Task item:
Transcribe the listing below exactly, without pictures.

Recorded information:
::::
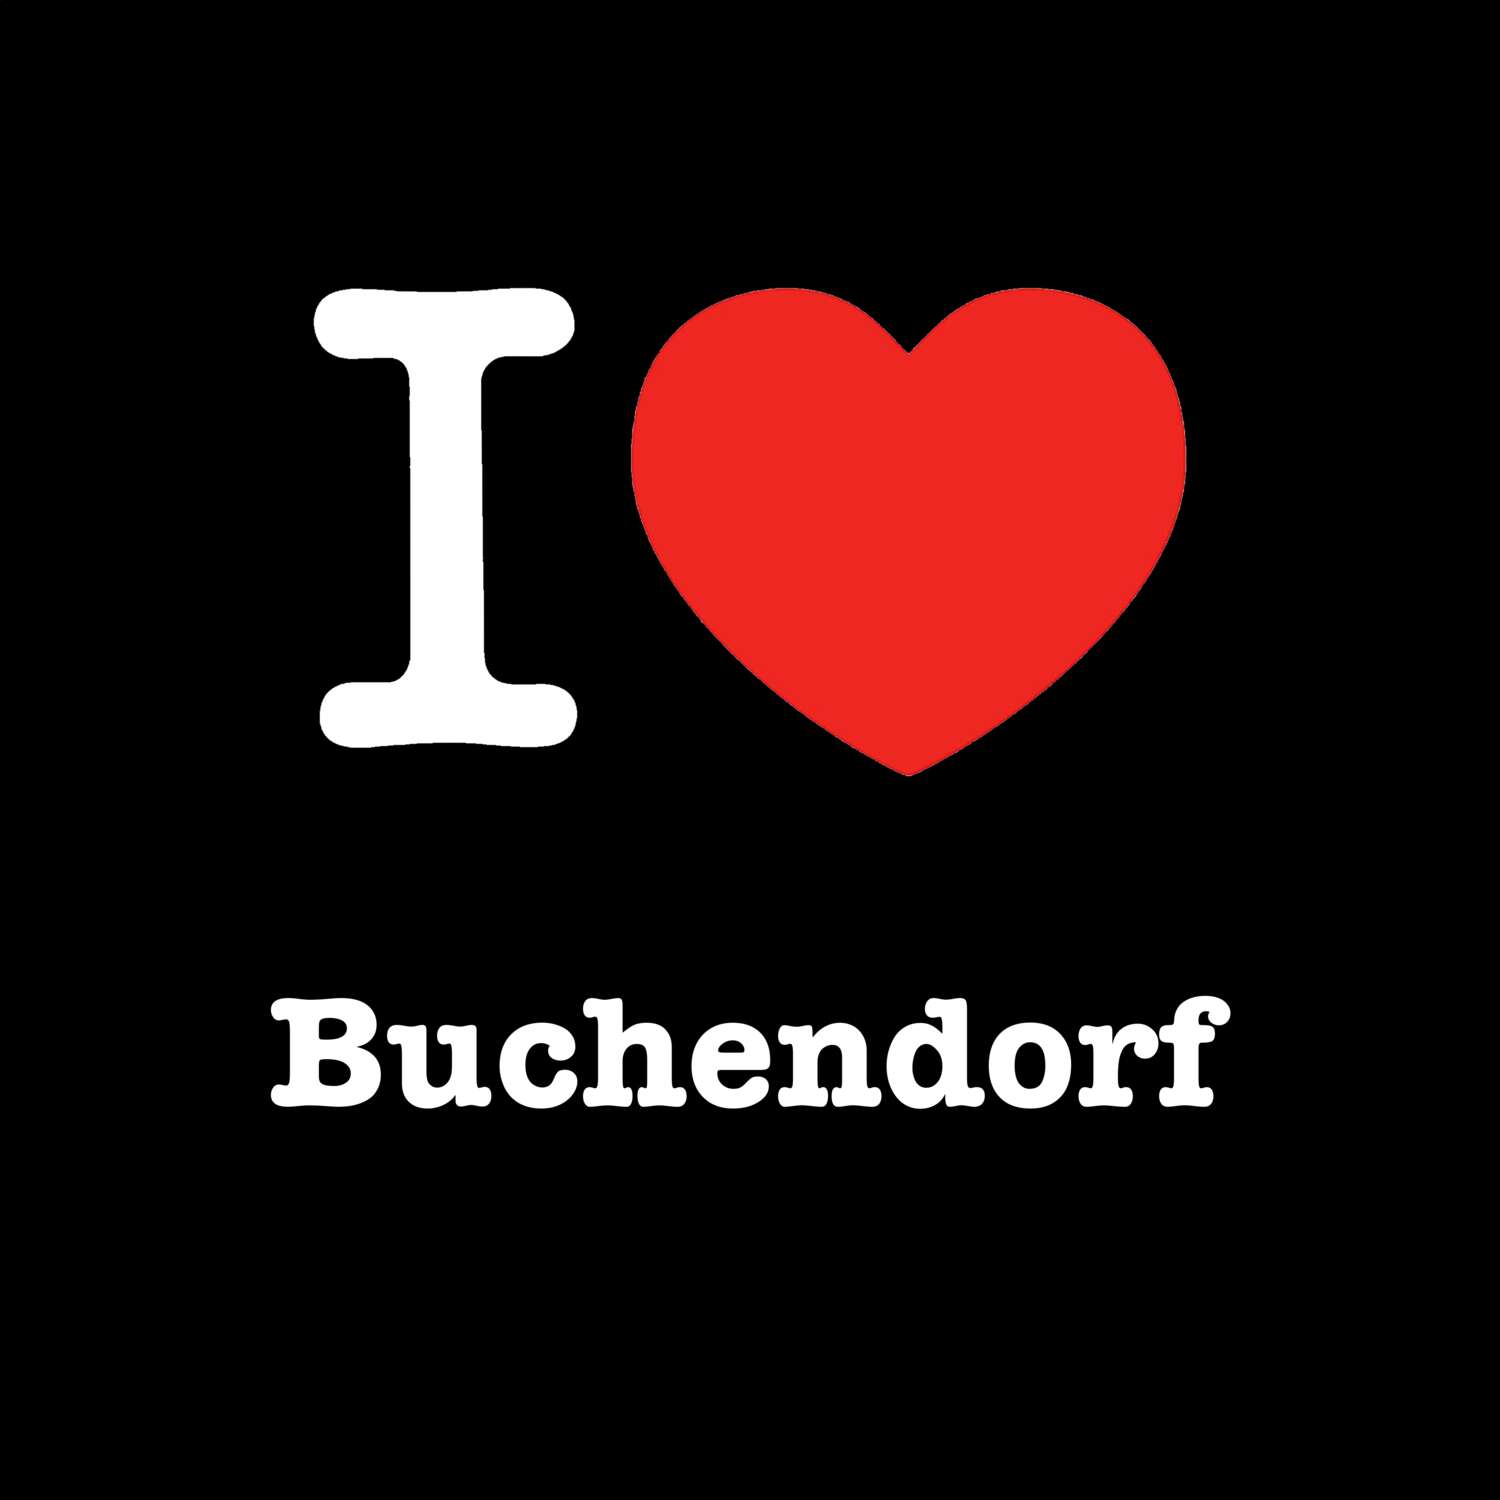 Buchendorf T-Shirt »I love«
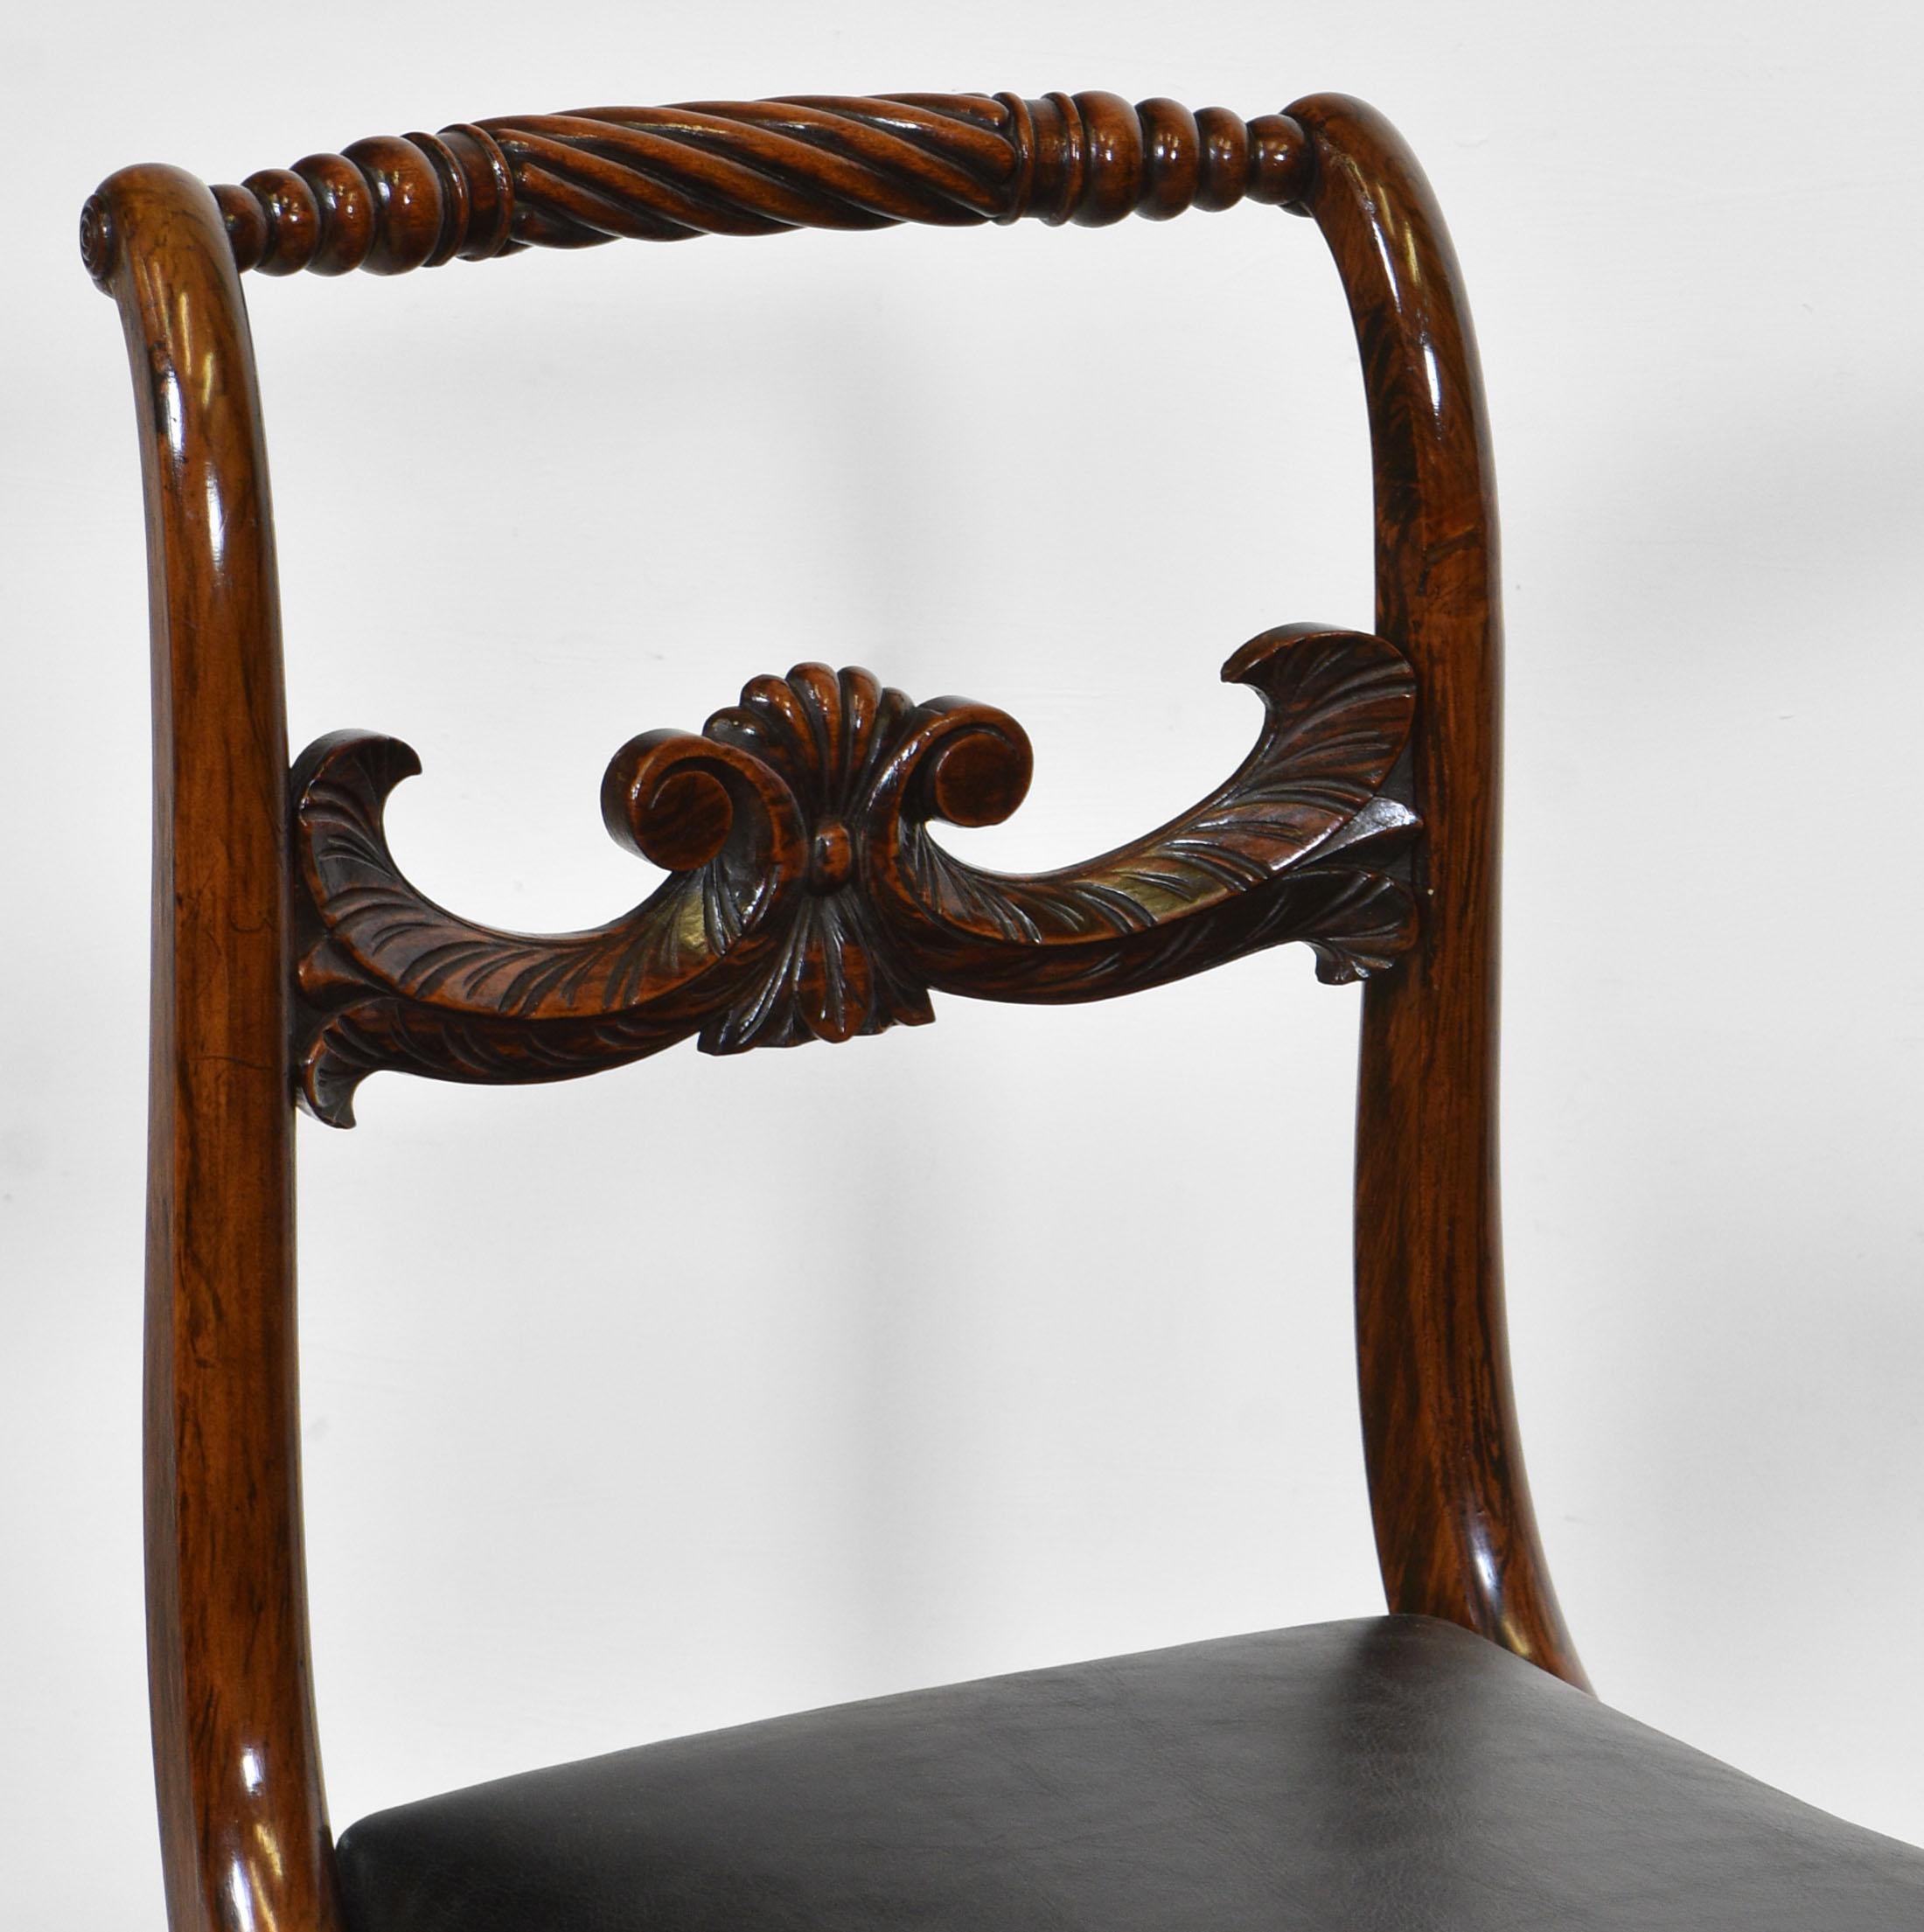 Ein Paar Regency-Stühle mit geschwungener Rückenlehne aus Palisanderimitat und mit schwarzem Leder bezogenen Sitzen. Circa 1820.

Die Stühle haben eine gedrechselte obere Schiene mit einer geschnitzten mittleren Schiene und enden auf Säbelbeinen.
::::
Exercise answer:
 Buchendorf T-Shirt »I love«
 Ein Paar Regency-Stühle mit geschwungener Rückenlehne aus Palisanderimitat und mit schwarzem Leder bezogenen Sitzen. Circa 1820.

Die Stühle haben eine gedrechselte obere Schiene mit einer geschnitzten mittleren Schiene und enden auf Säbelbeinen.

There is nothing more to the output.